Tallahassee judge sets driver’s license restoration clinic

 

Judge Stephen Everett

Judge Layne Smith

By Jakeira Gilbert
Outlook writer

For years driving with a suspended or revoked license has created quite a conundrum for judges and attorneys.

 
Judges Layne Smith and Stephen Everett, who have seen a majority of drivers who violate traffic rules, want to find an answer.

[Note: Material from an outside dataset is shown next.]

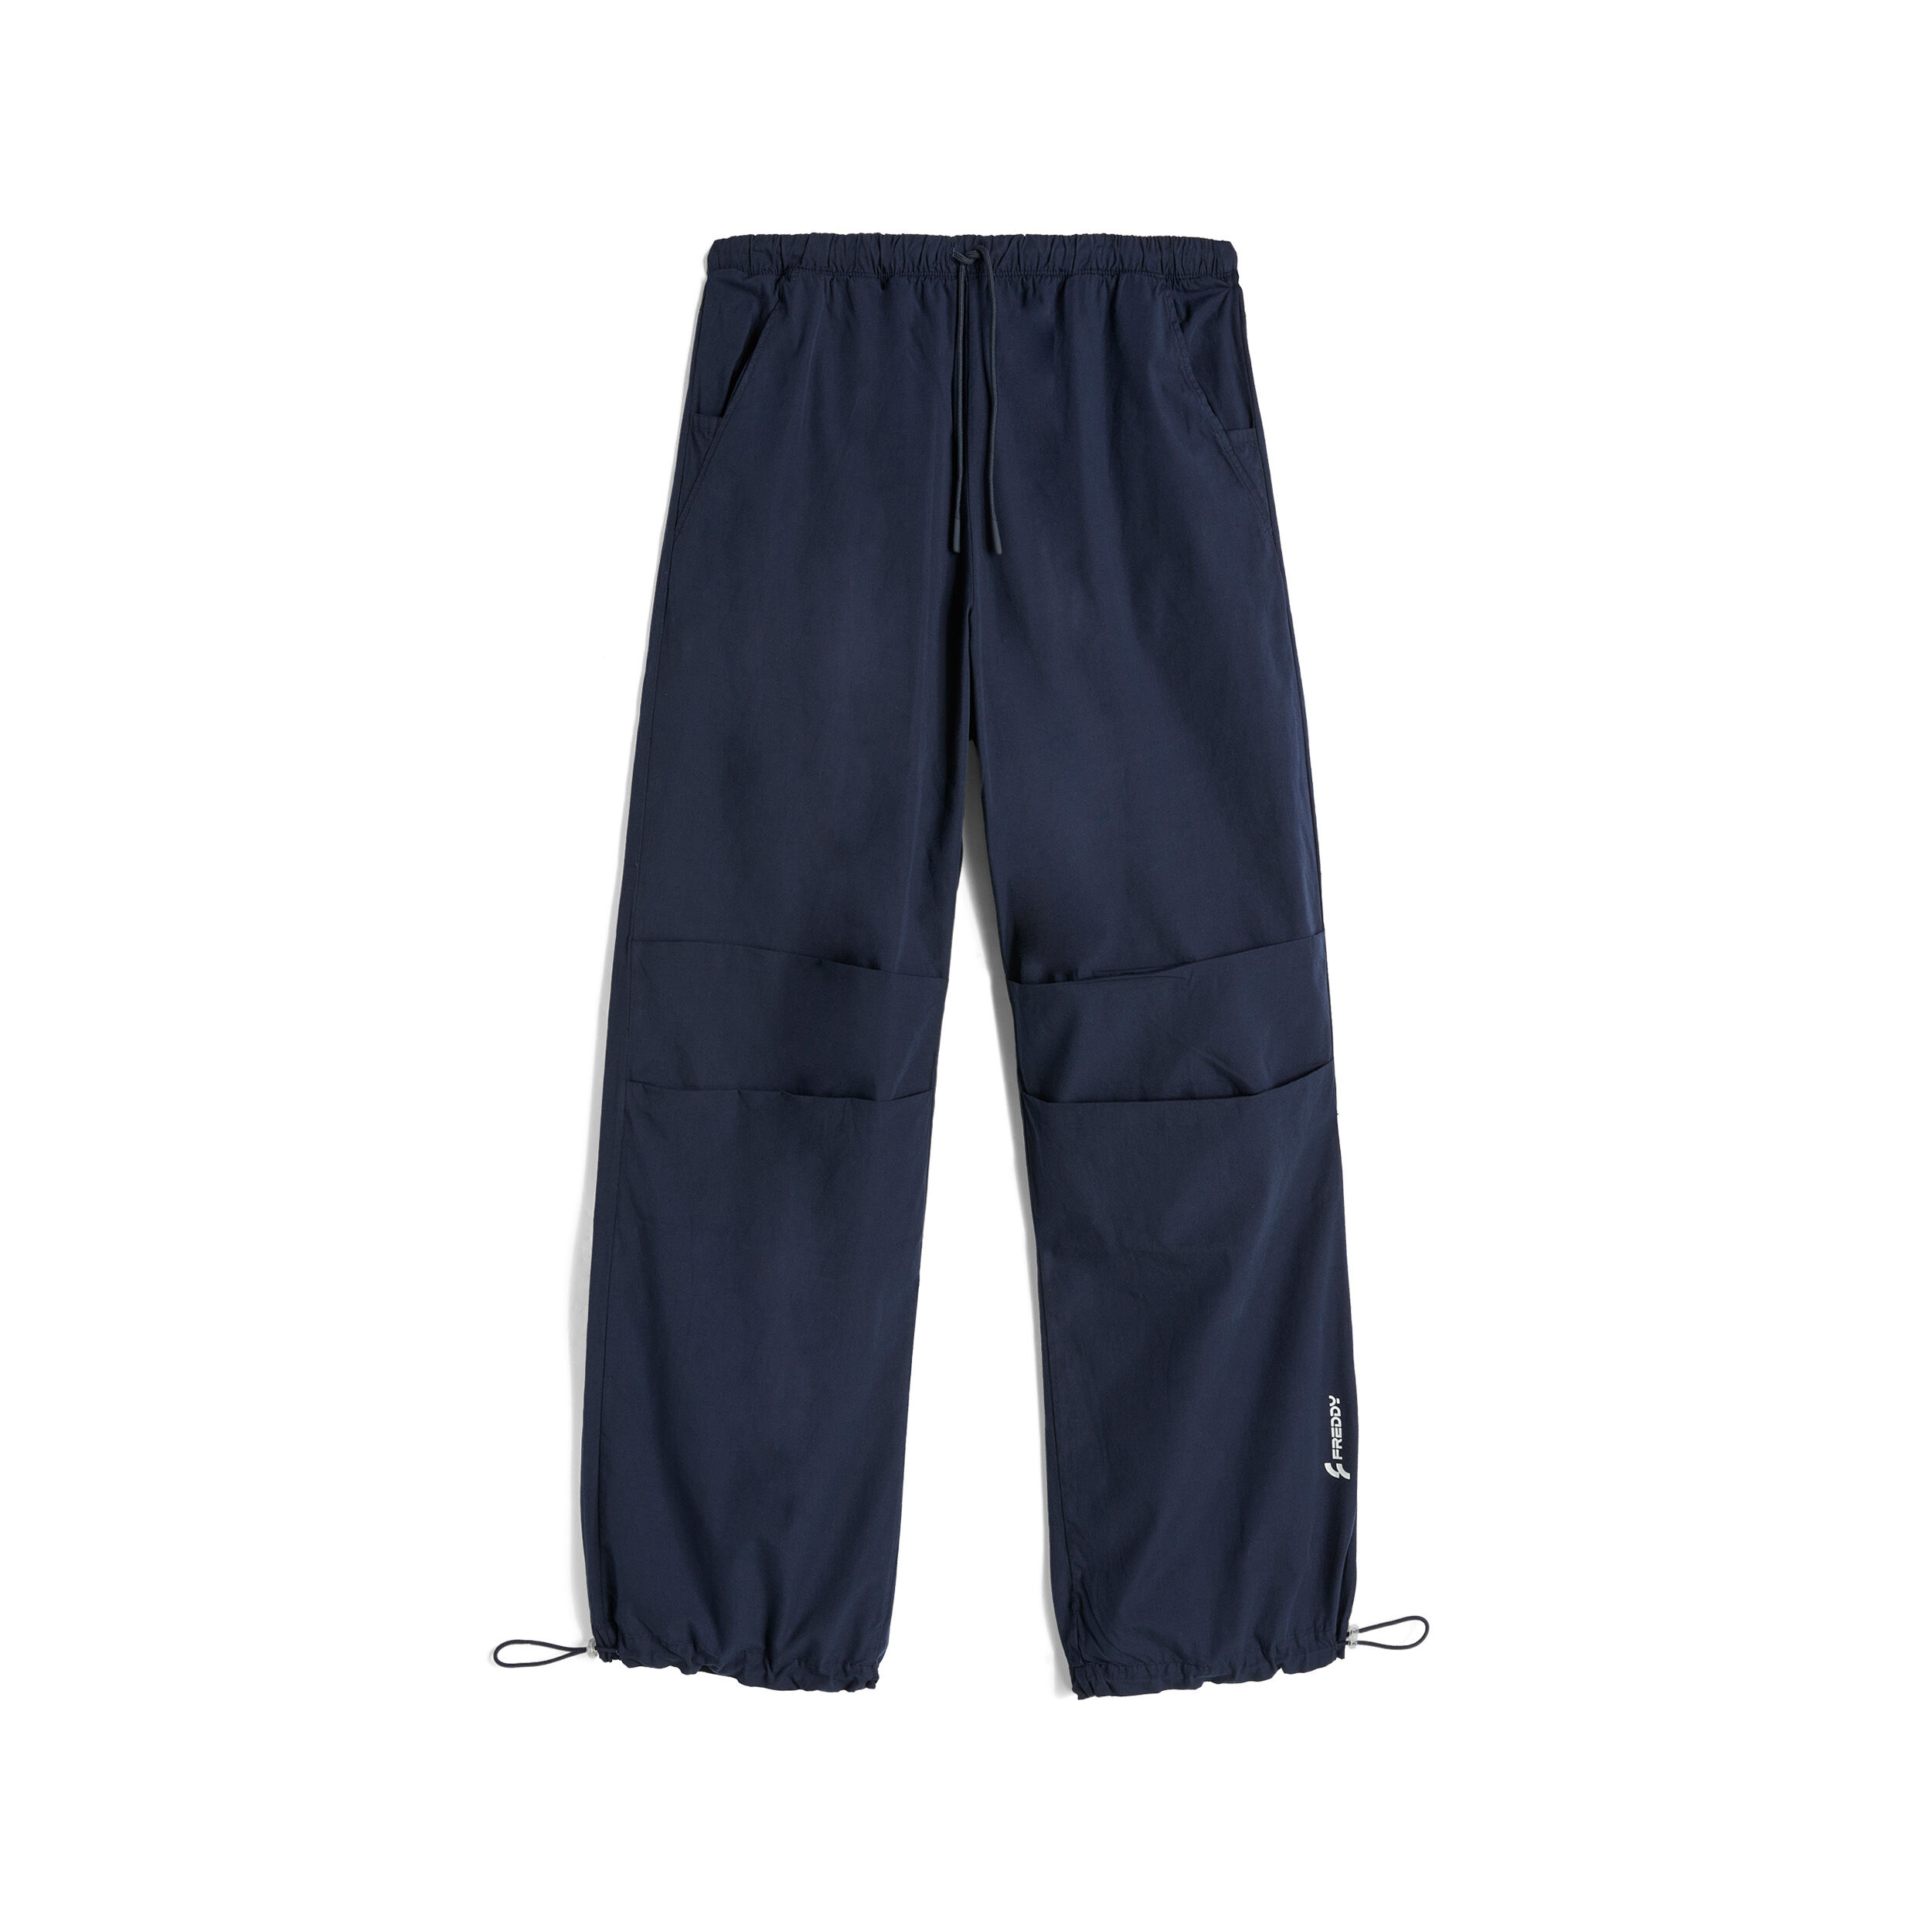 Freddy Pantaloni stile parachute pants in popeline Blu Navy Donna Extra Large

They’ve scheduled two clinics that they hope will result in an effective resolution.

 
The first clinic is set for July 7 at the Leon County Court Annex, with another scheduled for Oct. 13.

 
“This stood out as being the greatest need that would have the biggest impact,” Smith said, explaining his reason for planning the clinic.

 
At the heart of the judges’ search for answers is the complications that not having a driver’s license create for violators.

 
“Think about it,” Smith said. “If somebody doesn’t have a driver’s license, it’s hard for them to get a job or to keep a job. If they get one, they are often under-employed.”

 
In many cases, the problem tends to get worse when a violator continues to drive after the first run-in with law enforcement, sometimes escalating their problems to a felony for being a habitual driver without a license.

 
That’s a scenario that defense attorney Mutaqee Akbar is familiar with.  He praised plans for the clinic, saying it should provide information to offenders who don’t know all of their options for getting their license restored.

 
However, he said offenders have some responsibility in the matter too.

 
“Often it might be that one ticket that’s $150 that you can’t pay,” said Akbar, explaining how one offense could spiral. “Then that one ticket turns into another ticket for driving without a license, then that turns into a driving with a suspended license, and all of those costs and fees turn into a wheel that just keeps spinning.”

 
Often offenders are low income minorities who don’t have a bus route and sometimes have to rely on others. It’s one of the questions that Akbar hopes the clinic answers.

 
“As a community, what I’m hoping to do by this is to get everybody together that would need to be gathered,” Smith said. “I mean; come in let’s talk to you about whether it’s a one-step issue or multiple issues — precisely what it is you’d have to do to qualify and to be eligible to get your license back.”